* THE DATA *
+ + + + +
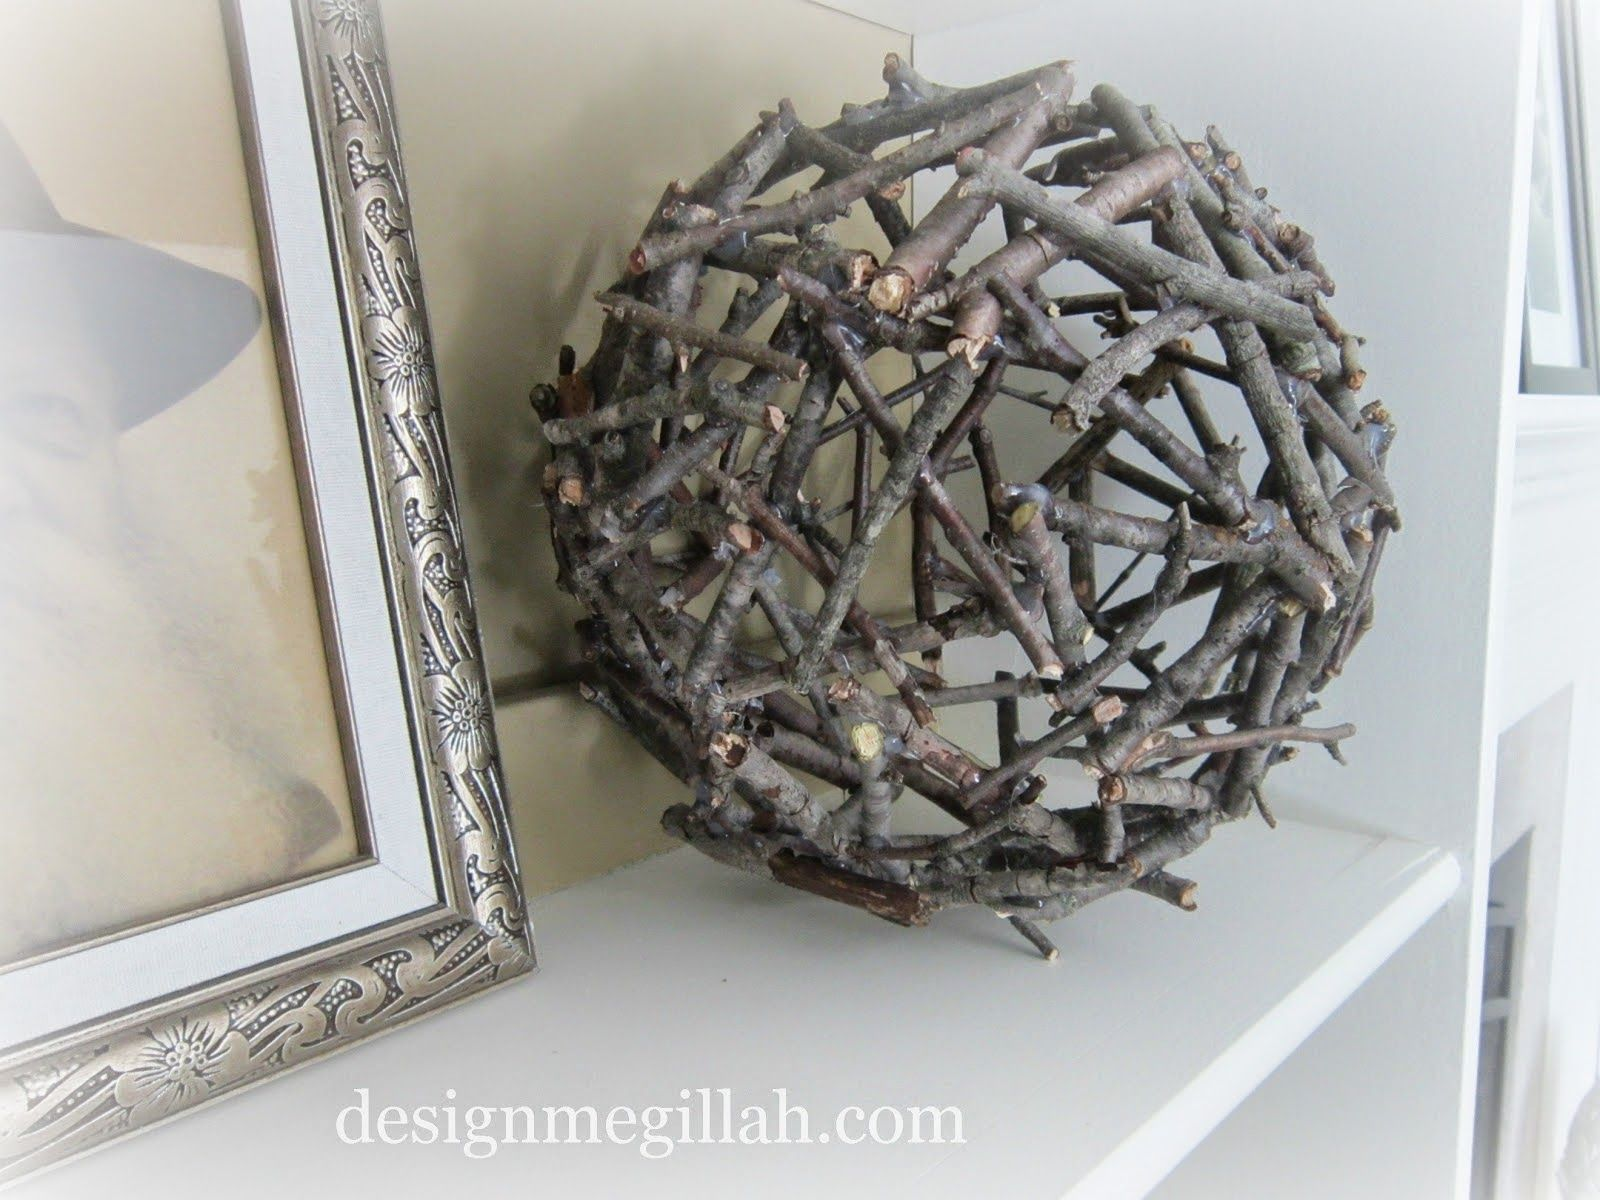 Making Decorative Ball Of Twigs Twig Crafts Twig Art Craft Stick Crafts
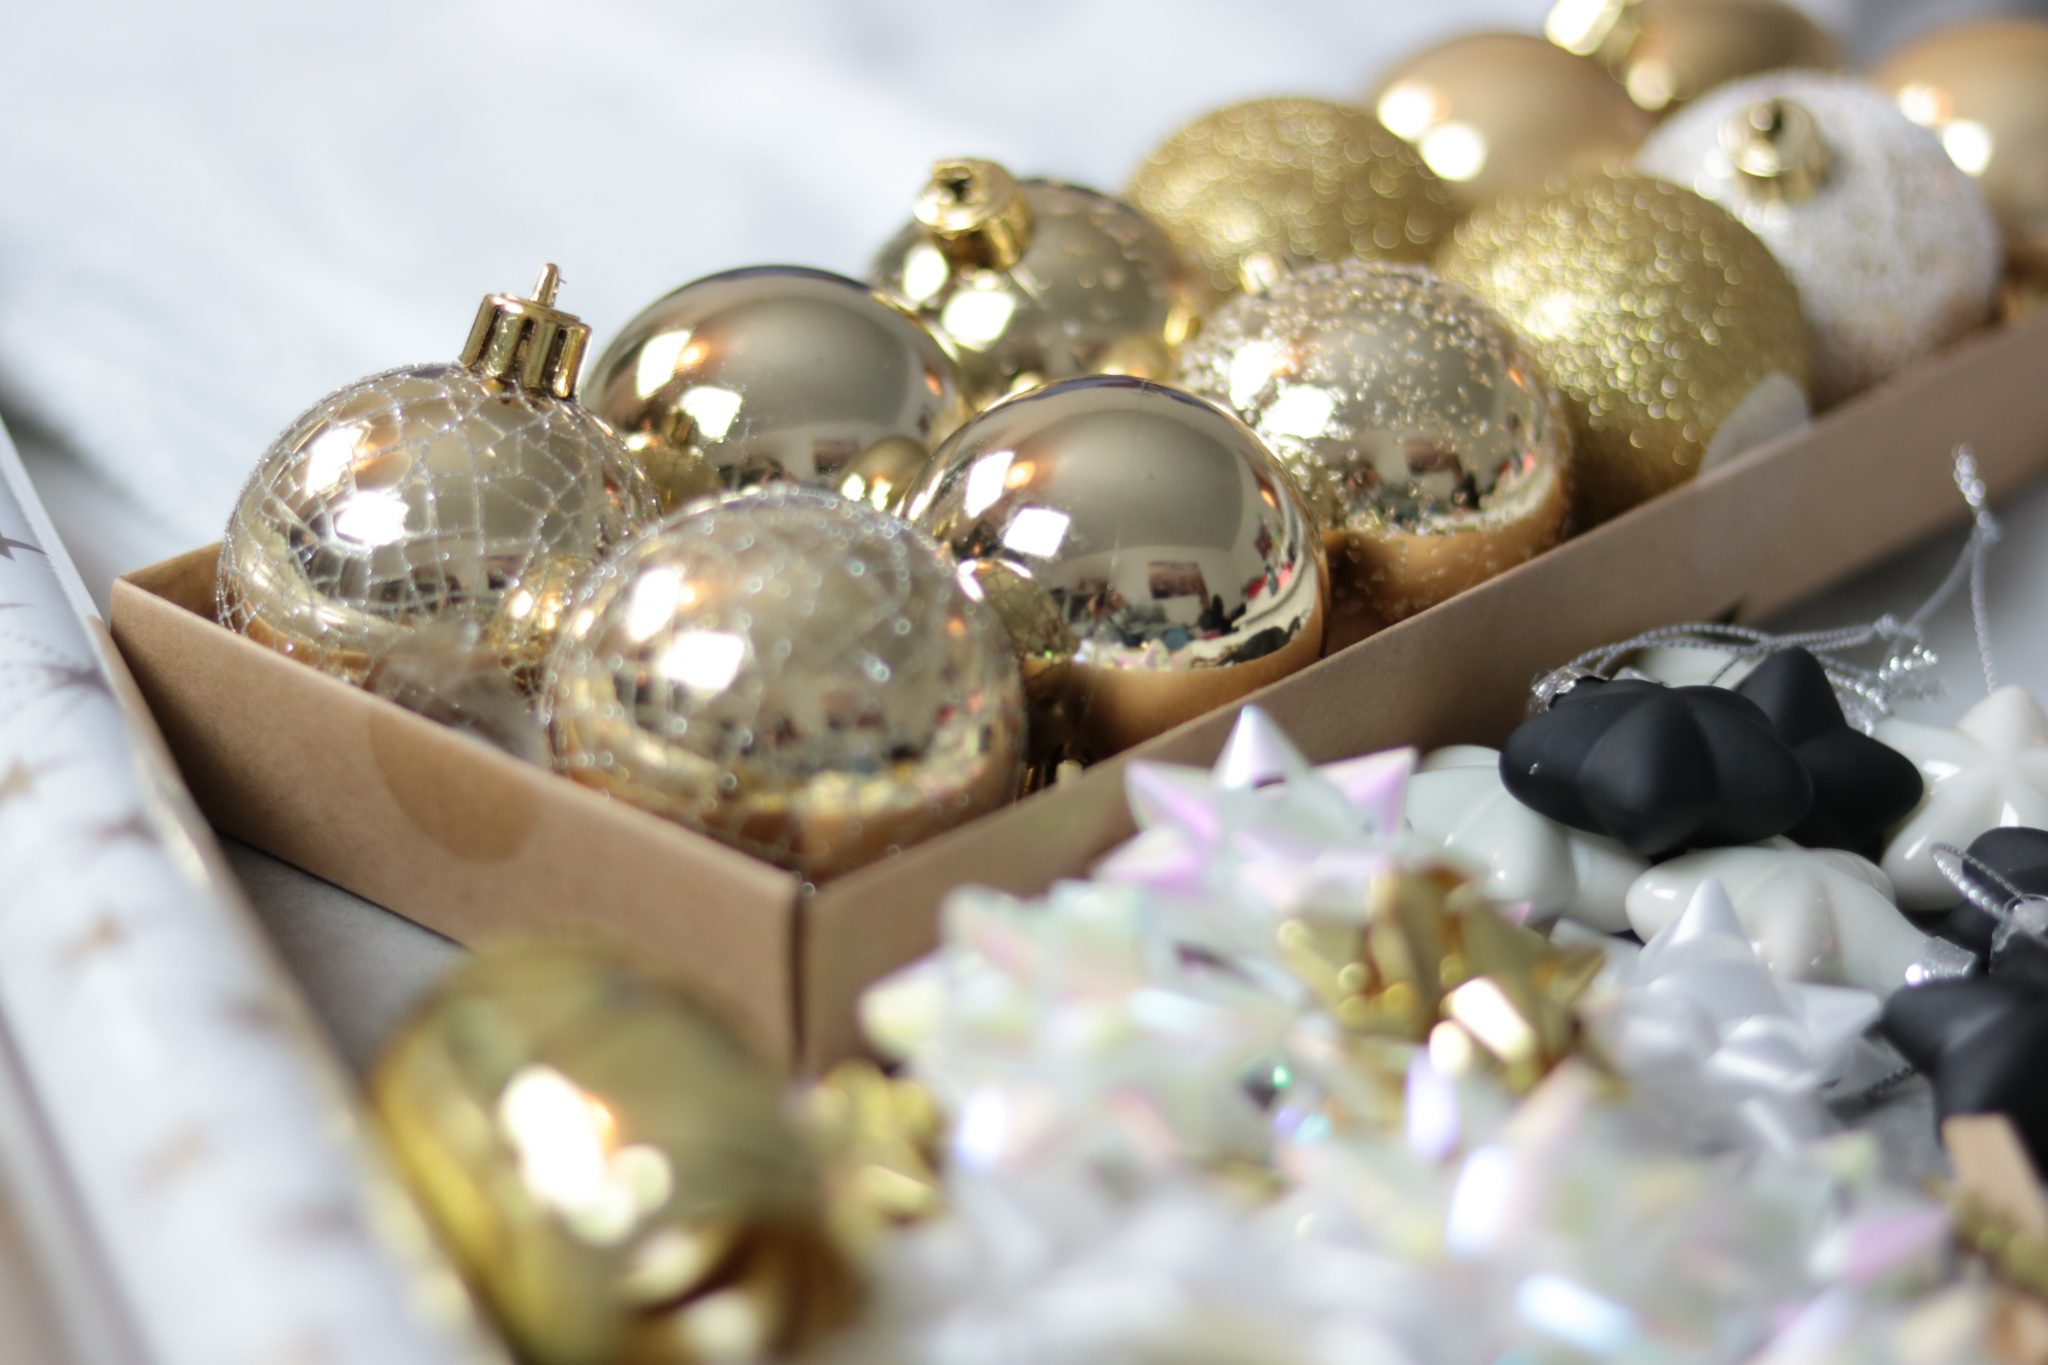 geschenke-besonders-verpacken-originell-adventskalender
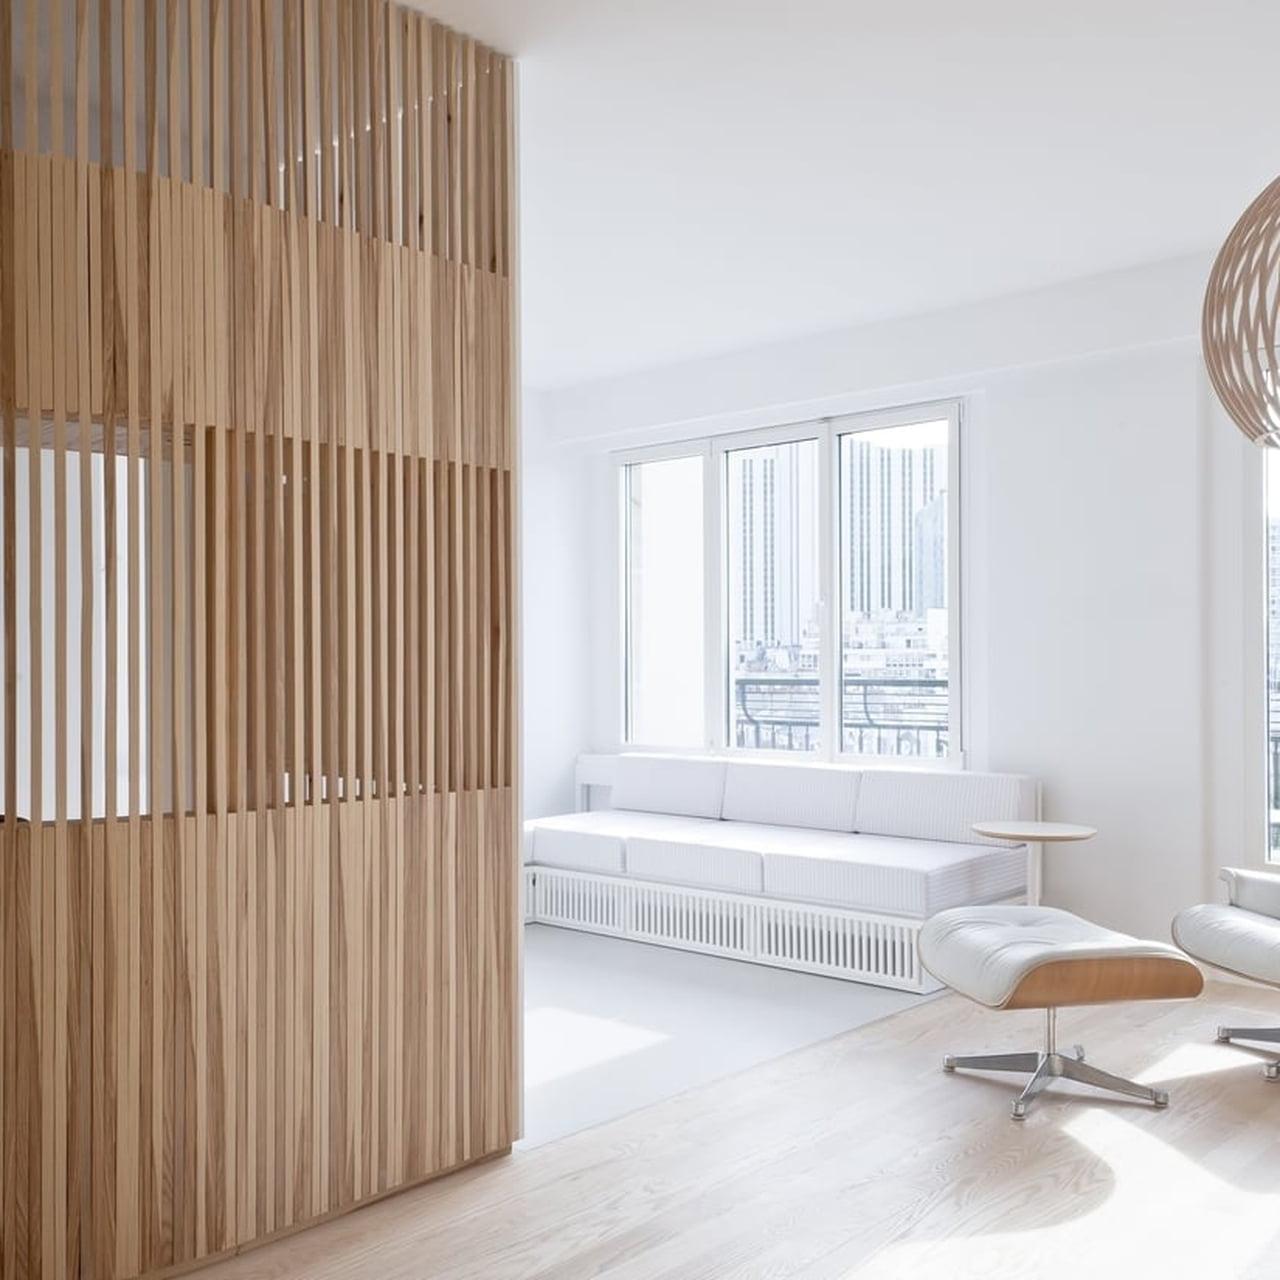 claustra decoration bois decoupe tendance minimaliste
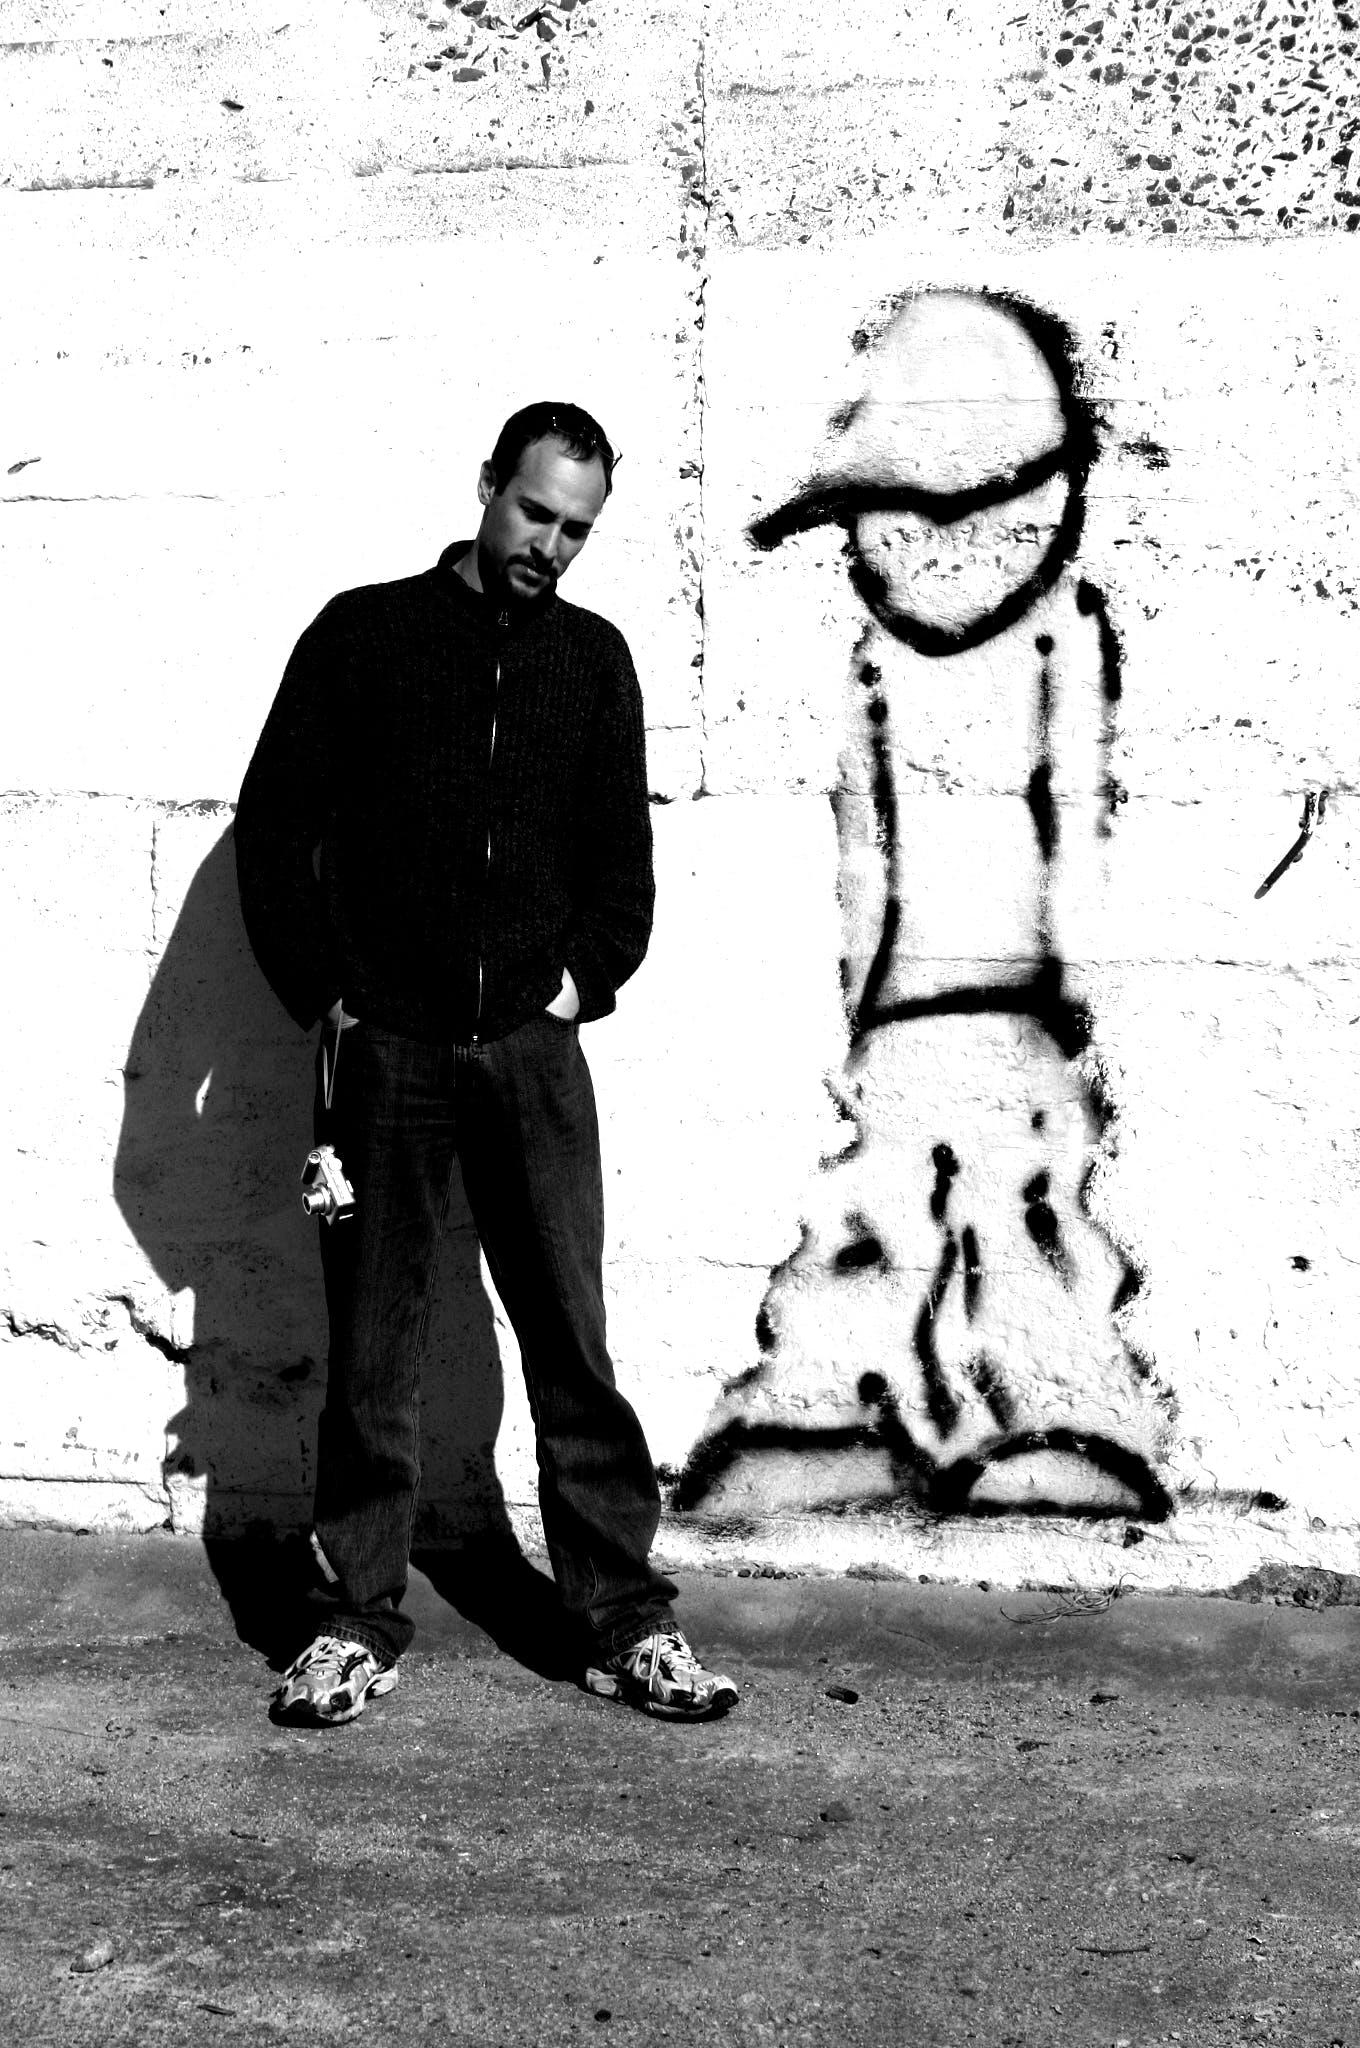 Free stock photo of contemplation, graffiti, portrait
+ + + + +
* PROBLEM STATEMENT *
Leaving the pictures behind, return every line above exactly.

* ANSWER SECTION *
 Making Decorative Ball Of Twigs Twig Crafts Twig Art Craft Stick Crafts
 geschenke-besonders-verpacken-originell-adventskalender
 claustra decoration bois decoupe tendance minimaliste
 Free stock photo of contemplation, graffiti, portrait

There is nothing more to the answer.